There are two popular kinds of wavelet shrinkage: one using hard thresholding and one using soft thresholding. For hard thresholding you simply throw away all wavelet coefficients smaller than a certain threshold. For soft thresholding you subtract a constant value from all wavelet coefficients and you throw away everything smaller than zero (if we consider only the positive values).

In the following, when I use EZW, I mean the reorganisation of the wavelet coefficients as described above only, not the compression part. The compression doesn't change anything, it just makes it less clear what happens.

When you do lossy EZW, you throw away the coefficients that you don't need to meet the quality criteria you set for the reconstruction. These coefficients are the small ones, because these are the ones that add the extra detail. Due to the way EZW works, these are also the coefficients that are encoded at the end of the EZW stream. The threshold for lossy EZW is often based on visual criteria and acceptable PSNR after reconstruction.

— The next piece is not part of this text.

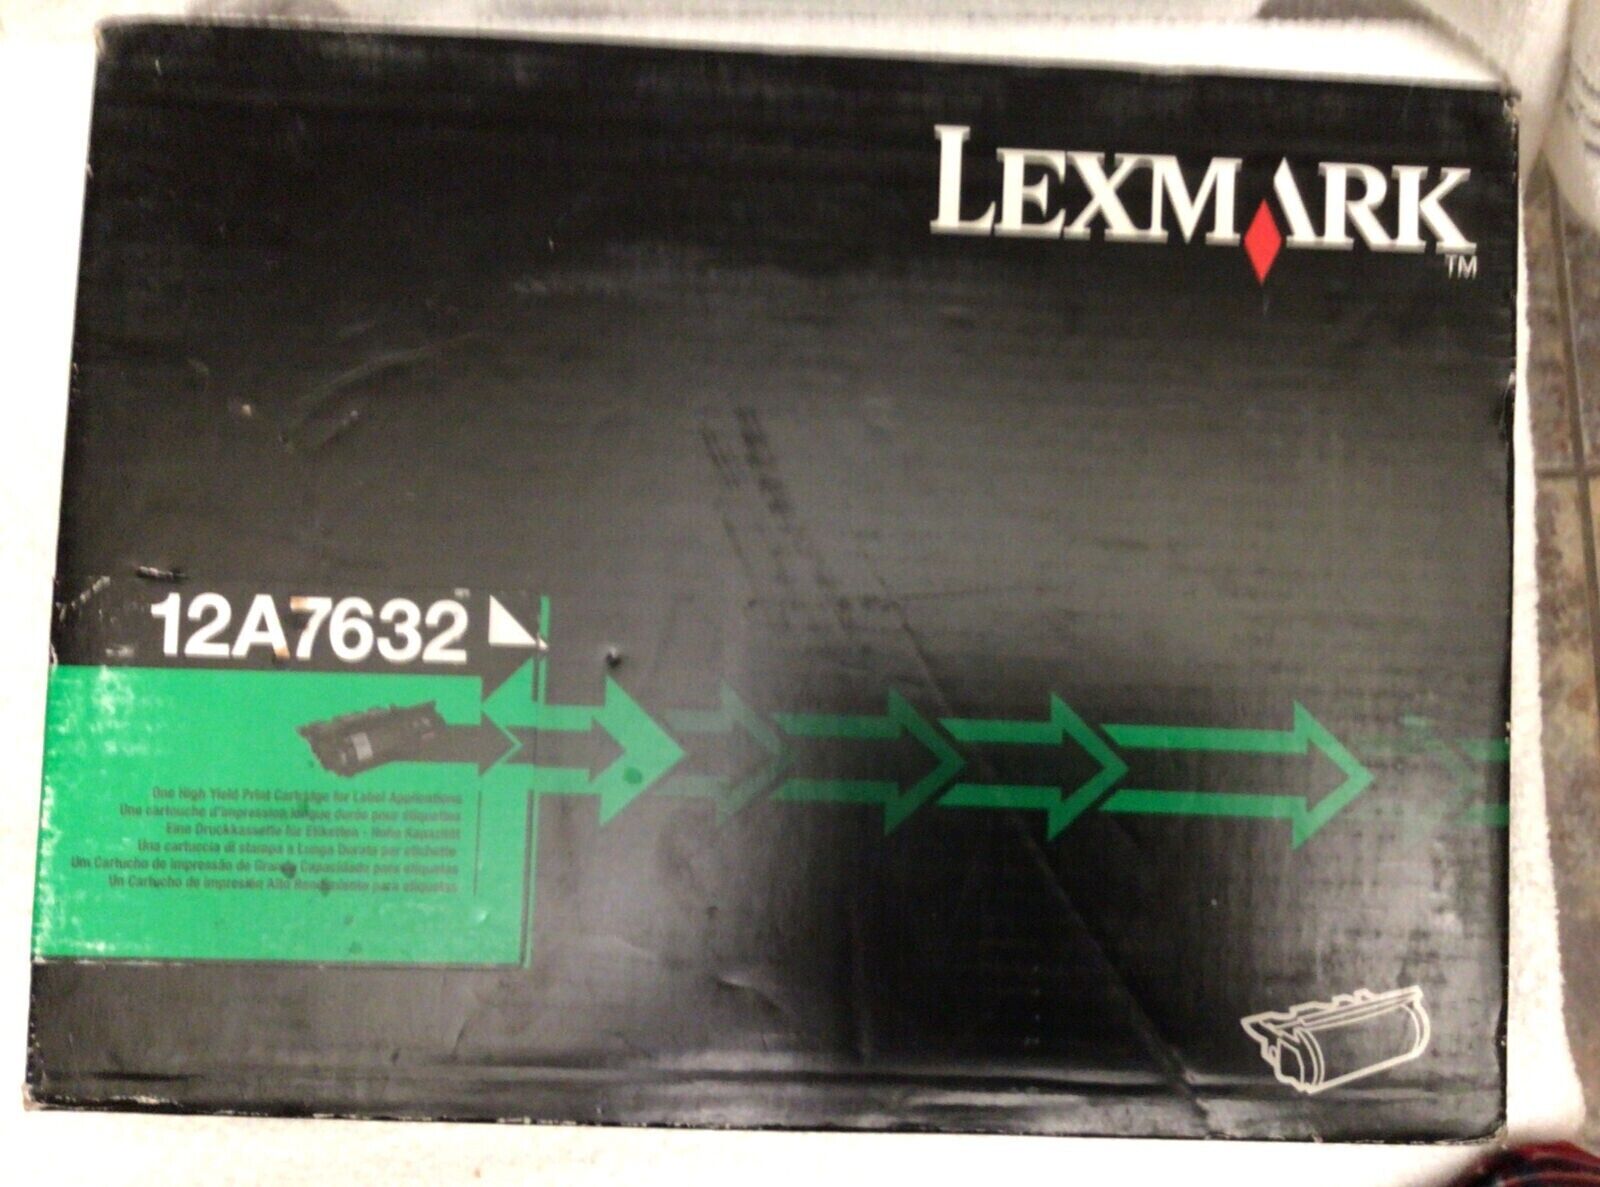 NEW in Box 12A7632 LEXMARK T630 T632 T634 TONER CART LABEL APPLICATIONS BLACK HY

Since you simply throw away the small coefficients, lossy EZW looks a lot like hard thresholding, but it isn't, because the small coefficients at the end of the stream are used also to lift the already decoded coefficients to their original level. So if you do not have these small coefficients, all the other coefficients will be too small. Furthermore, this difference is the same for all coefficients. This means that lossy EZW is identical to soft thresholding.

**Conclusion 1**: Lossy EZW is identical to wavelet shrinkage using soft thresholding.

**Conclusion 2**: You can use lossy EZW to do noise reduction and data compression in one go!

I have tried to explain the deeper thoughts behind EZW encoding and shown how to implement it. I think that this explanation together with [Sha93] enables a rapid implementation of an EZW encoder.

- The implementation presented here was on a high level and
leaves room for many optimizations;
- EZW encoding does not really compress anything, it only reorders wavelet coefficients in such a way that they can be compressed very efficiently. An EZW encoder should therefore always be followed by a symbol encoder, for instance an arithmetic encoder (as in [Sha93]);

- [Sha93]
**Shapiro**, J. M.*EMBEDDED IMAGE CODING USING ZEROTREES OF WAVELET COEFFICIENTS.*- IEEE Transactions on Signal Processing, Vol. 41, No. 12 (1993),
p. 3445-3462.
- [Cre97]
**Creusere**, C. D.*A NEW METHOD OF ROBUST IMAGE COMPRESSION BASED ON THE EMBEDDED ZEROTREE WAVELET ALGORITHM.*- IEEE Transactions on Image Processing, Vol. 6, No. 10 (1997),
p. 1436-1442.
- [Alg95]
**Algazi**, V. R. and R.R.**Estes**.*ANALYSIS BASED CODING OF IMAGE TRANSFORM AND SUBBAND COEFFICIENTS.*- Proceedings of the SPIE, Vol. 2564 (1995), p. 11-21.
- [Don95]
**Donoho**, D. L.*DE-NOISING BY SOFT-THRESHOLDING.*- IEEE Transactions on Information Theory, Vol. 41, No. 3 (1995), p. 613-627.